All of the listing is to be written out word for word, with the pictures left out.

» Available data:
───
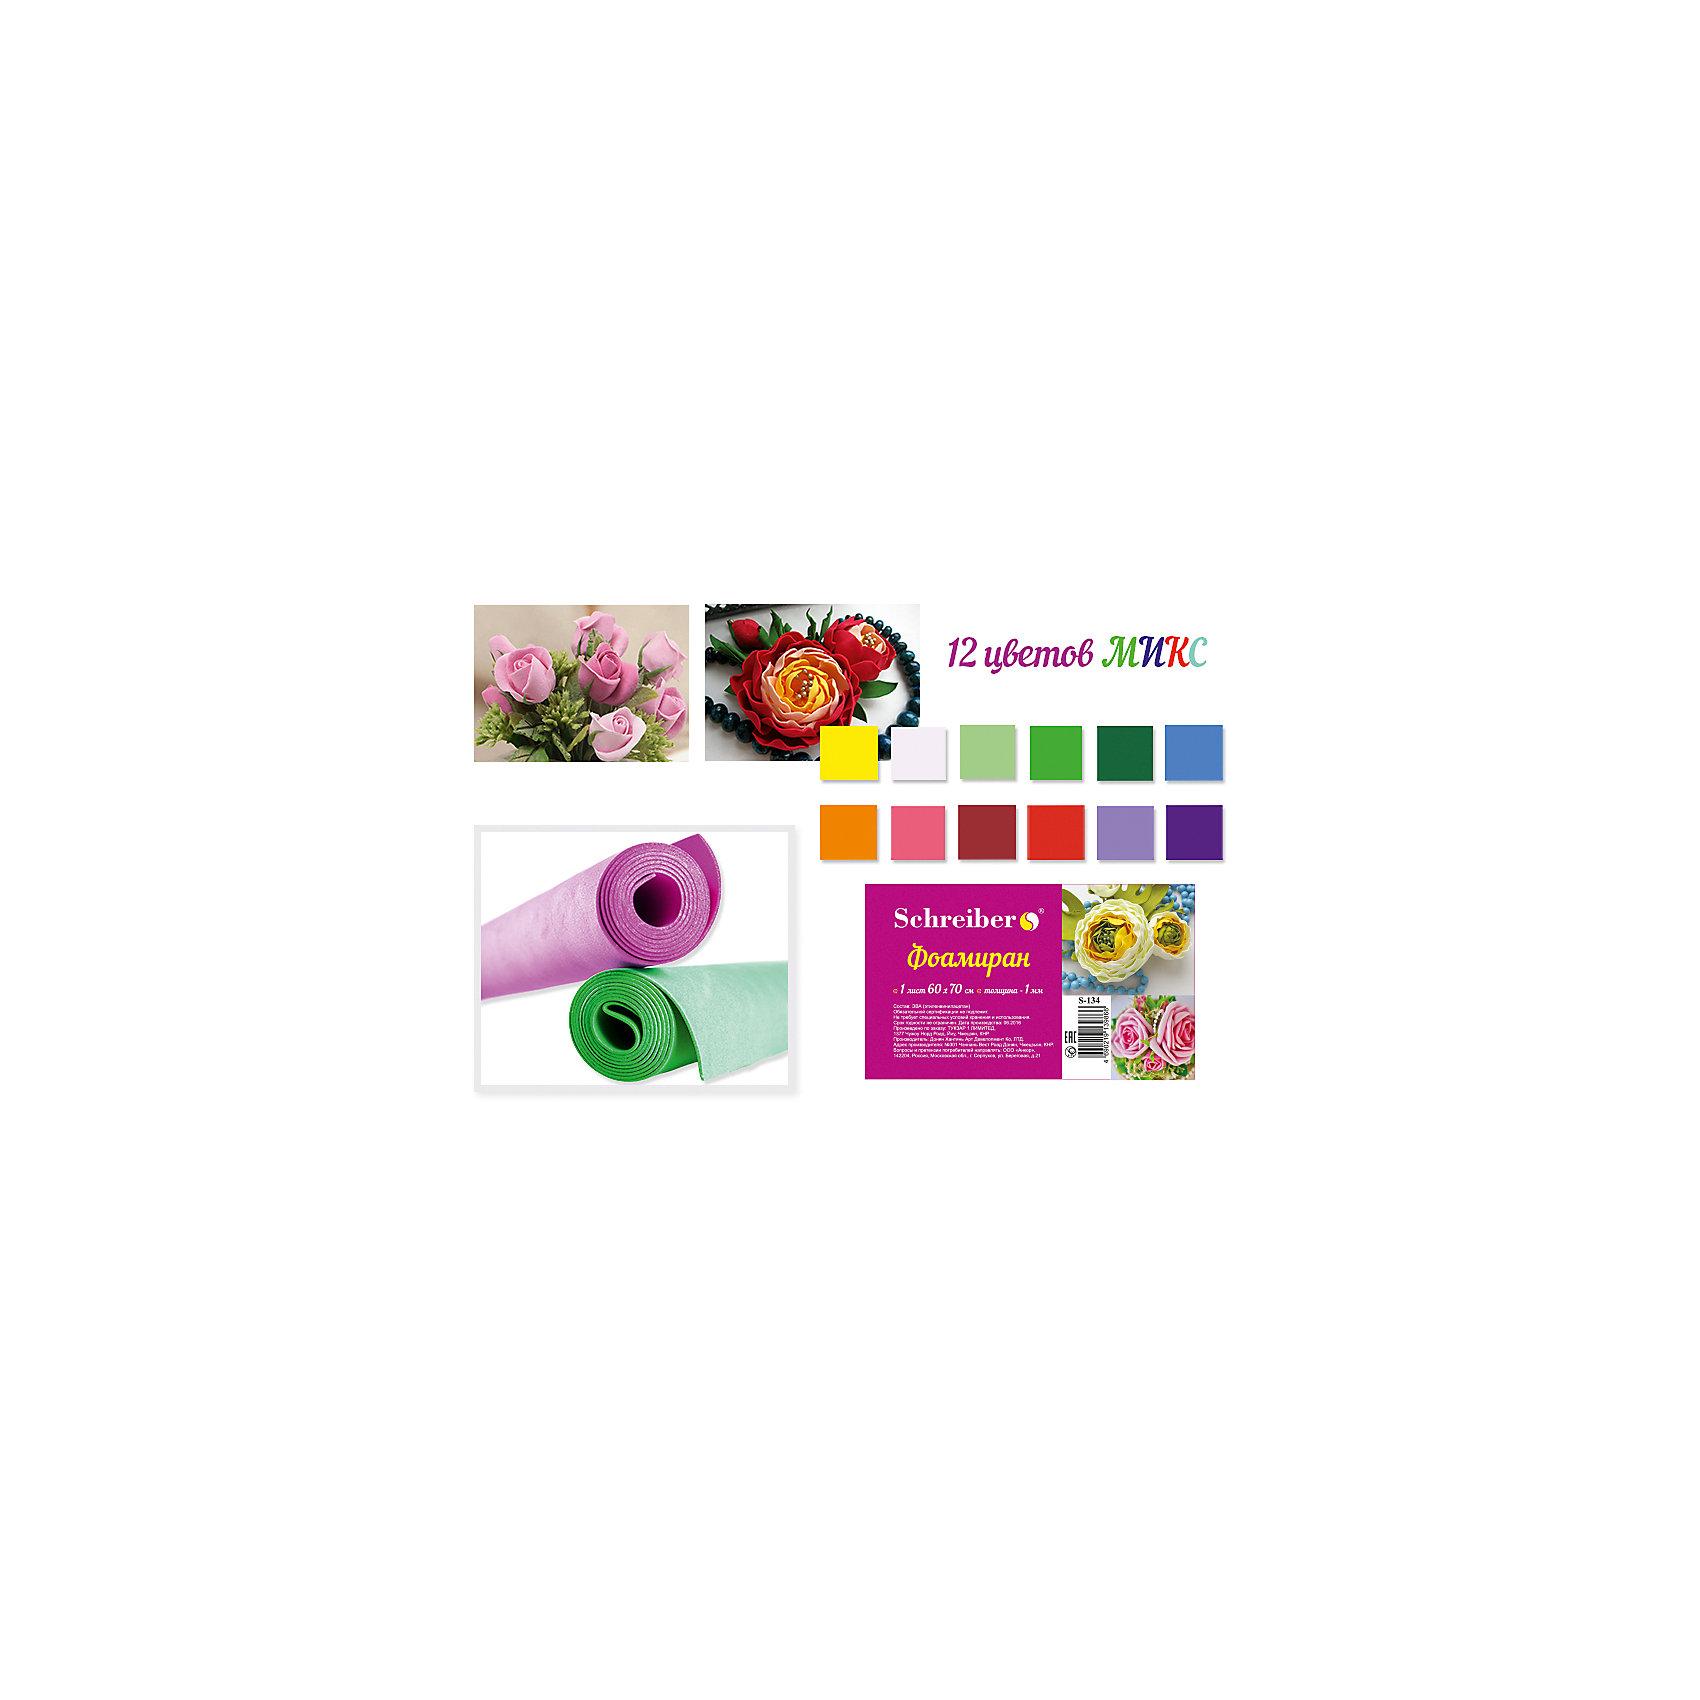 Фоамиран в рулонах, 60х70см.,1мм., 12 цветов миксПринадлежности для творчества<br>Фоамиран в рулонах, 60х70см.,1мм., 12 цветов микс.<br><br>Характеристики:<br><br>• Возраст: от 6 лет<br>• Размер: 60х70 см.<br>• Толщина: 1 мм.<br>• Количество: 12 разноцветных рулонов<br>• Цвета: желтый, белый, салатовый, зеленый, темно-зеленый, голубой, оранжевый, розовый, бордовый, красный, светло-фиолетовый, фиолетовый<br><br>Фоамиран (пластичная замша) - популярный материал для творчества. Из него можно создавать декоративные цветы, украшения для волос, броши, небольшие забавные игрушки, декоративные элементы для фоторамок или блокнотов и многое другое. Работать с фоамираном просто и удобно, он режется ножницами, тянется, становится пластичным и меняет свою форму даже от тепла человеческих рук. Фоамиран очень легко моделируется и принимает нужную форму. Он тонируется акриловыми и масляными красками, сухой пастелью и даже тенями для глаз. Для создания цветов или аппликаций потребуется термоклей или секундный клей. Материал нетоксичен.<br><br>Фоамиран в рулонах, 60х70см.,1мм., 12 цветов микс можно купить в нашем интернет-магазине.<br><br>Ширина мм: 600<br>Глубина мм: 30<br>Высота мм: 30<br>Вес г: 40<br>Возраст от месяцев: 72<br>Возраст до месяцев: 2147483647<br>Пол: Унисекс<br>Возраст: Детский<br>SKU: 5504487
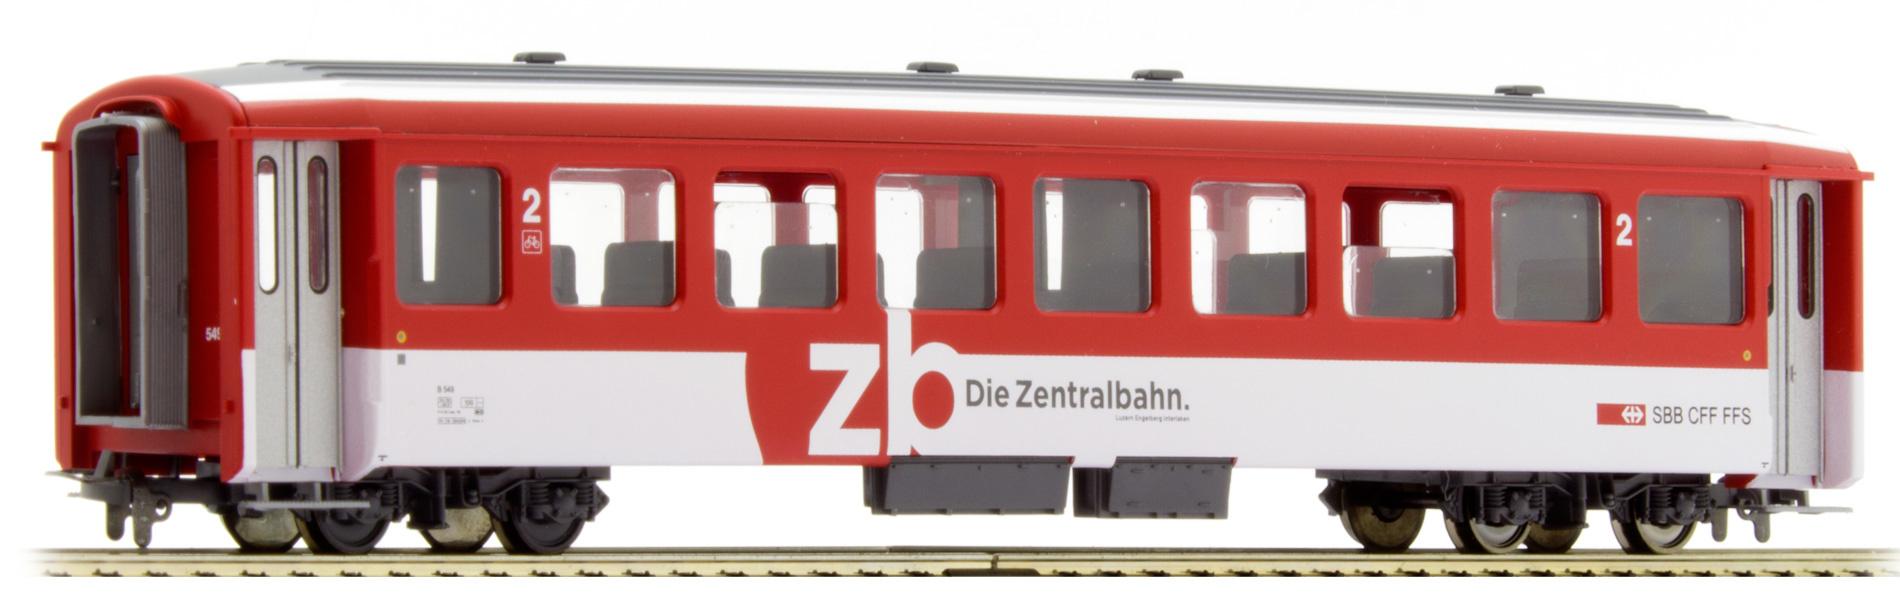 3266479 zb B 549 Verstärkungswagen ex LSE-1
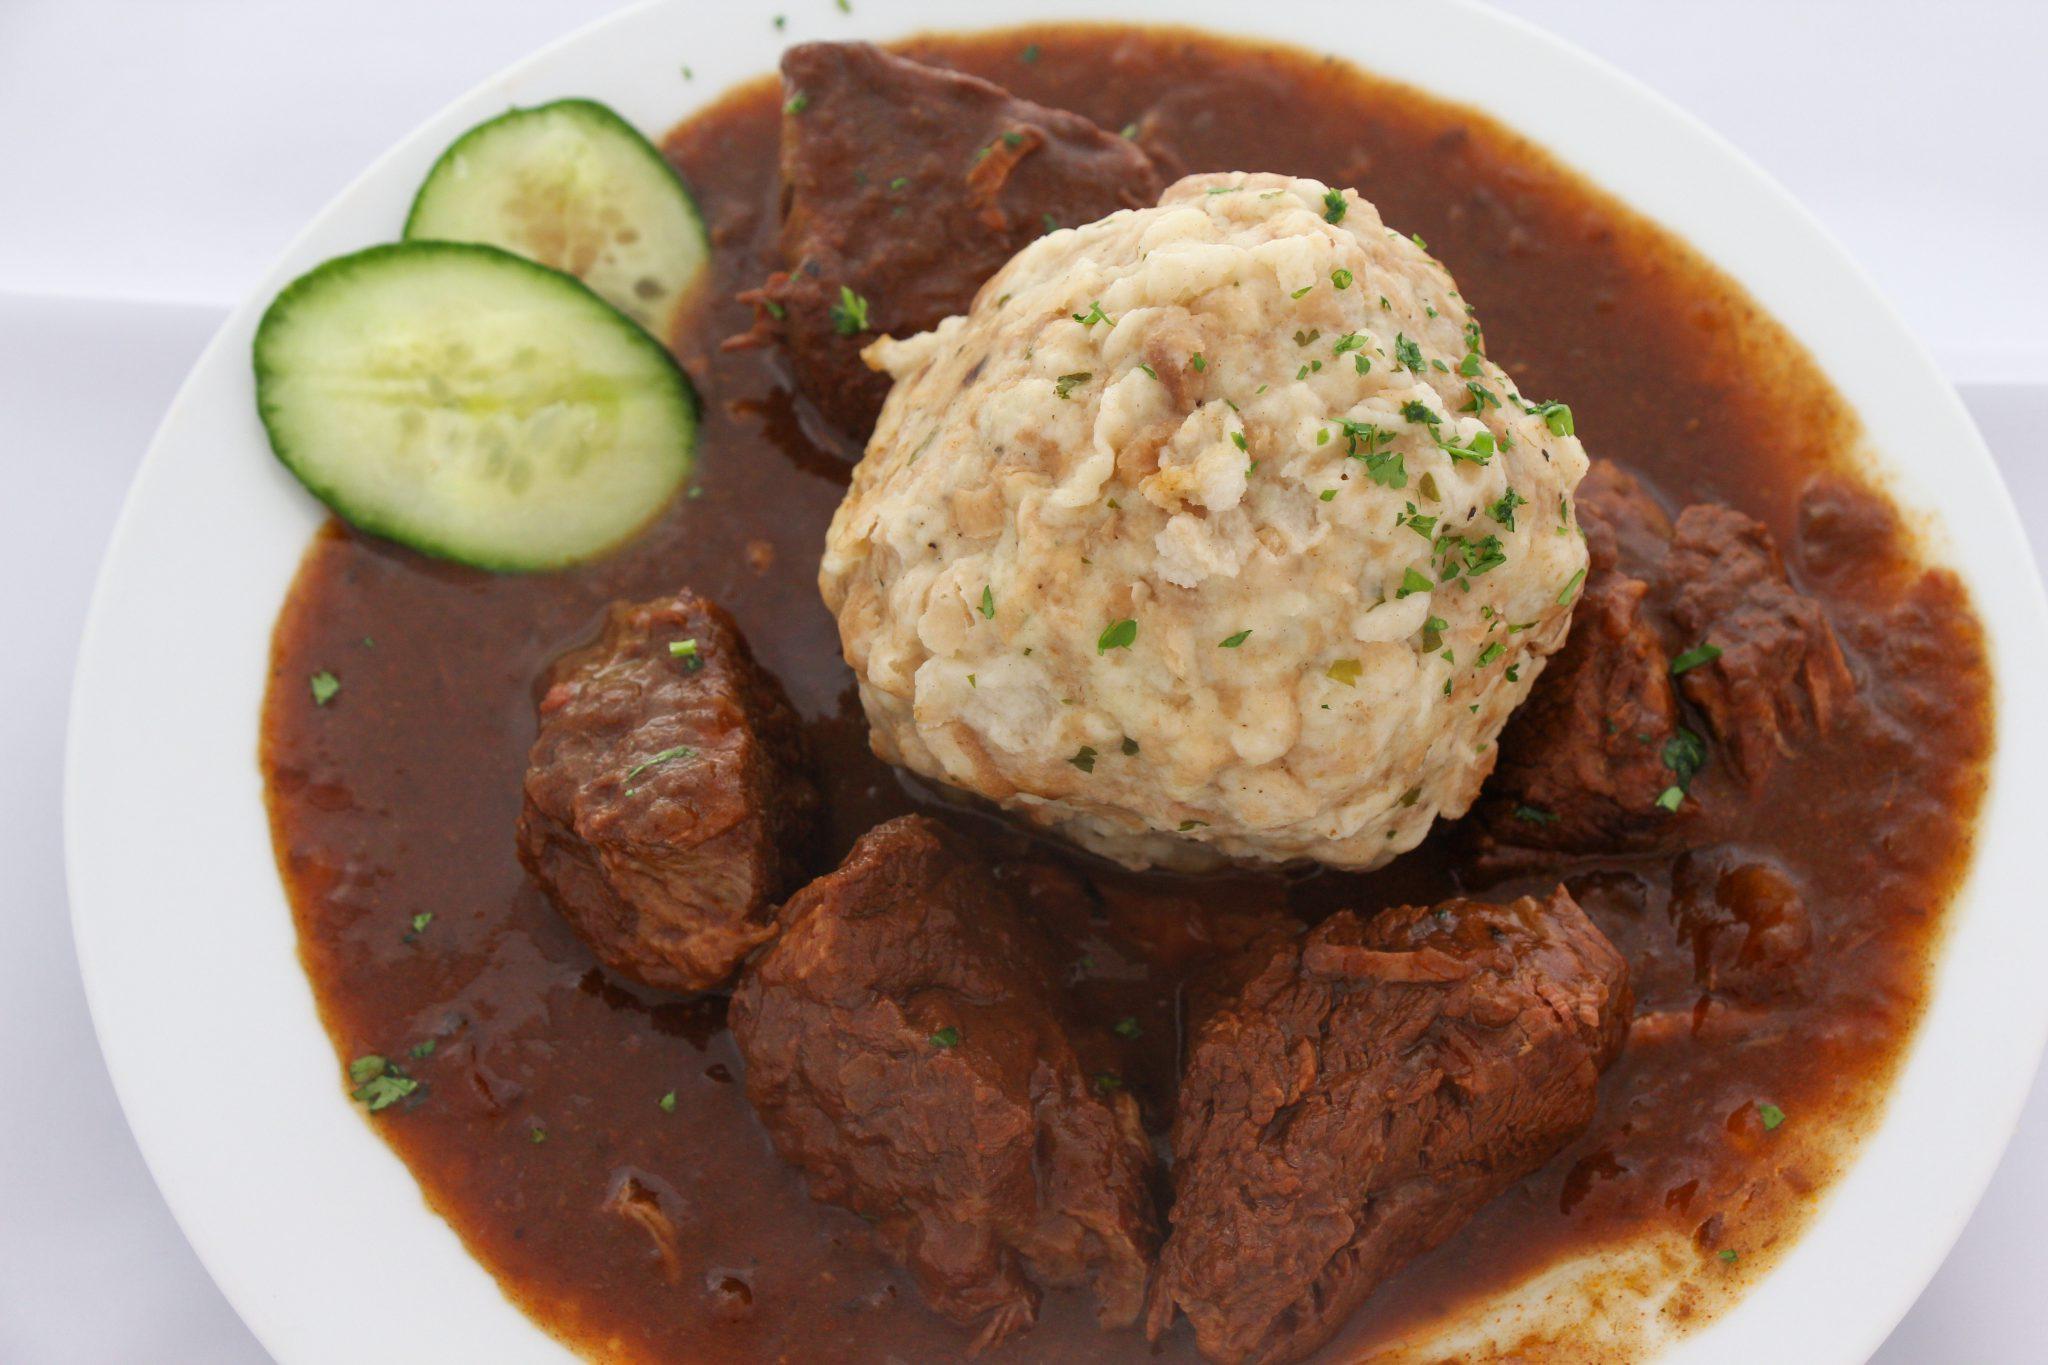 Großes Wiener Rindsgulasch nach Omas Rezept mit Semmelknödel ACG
───
» Solution for this exercise:
 Фоамиран в рулонах, 60х70см.,1мм., 12 цветов миксПринадлежности для творчества<br>Фоамиран в рулонах, 60х70см.,1мм., 12 цветов микс.<br><br>Характеристики:<br><br>• Возраст: от 6 лет<br>• Размер: 60х70 см.<br>• Толщина: 1 мм.<br>• Количество: 12 разноцветных рулонов<br>• Цвета: желтый, белый, салатовый, зеленый, темно-зеленый, голубой, оранжевый, розовый, бордовый, красный, светло-фиолетовый, фиолетовый<br><br>Фоамиран (пластичная замша) - популярный материал для творчества. Из него можно создавать декоративные цветы, украшения для волос, броши, небольшие забавные игрушки, декоративные элементы для фоторамок или блокнотов и многое другое. Работать с фоамираном просто и удобно, он режется ножницами, тянется, становится пластичным и меняет свою форму даже от тепла человеческих рук. Фоамиран очень легко моделируется и принимает нужную форму. Он тонируется акриловыми и масляными красками, сухой пастелью и даже тенями для глаз. Для создания цветов или аппликаций потребуется термоклей или секундный клей. Материал нетоксичен.<br><br>Фоамиран в рулонах, 60х70см.,1мм., 12 цветов микс можно купить в нашем интернет-магазине.<br><br>Ширина мм: 600<br>Глубина мм: 30<br>Высота мм: 30<br>Вес г: 40<br>Возраст от месяцев: 72<br>Возраст до месяцев: 2147483647<br>Пол: Унисекс<br>Возраст: Детский<br>SKU: 5504487
 3266479 zb B 549 Verstärkungswagen ex LSE-1
 Großes Wiener Rindsgulasch nach Omas Rezept mit Semmelknödel ACG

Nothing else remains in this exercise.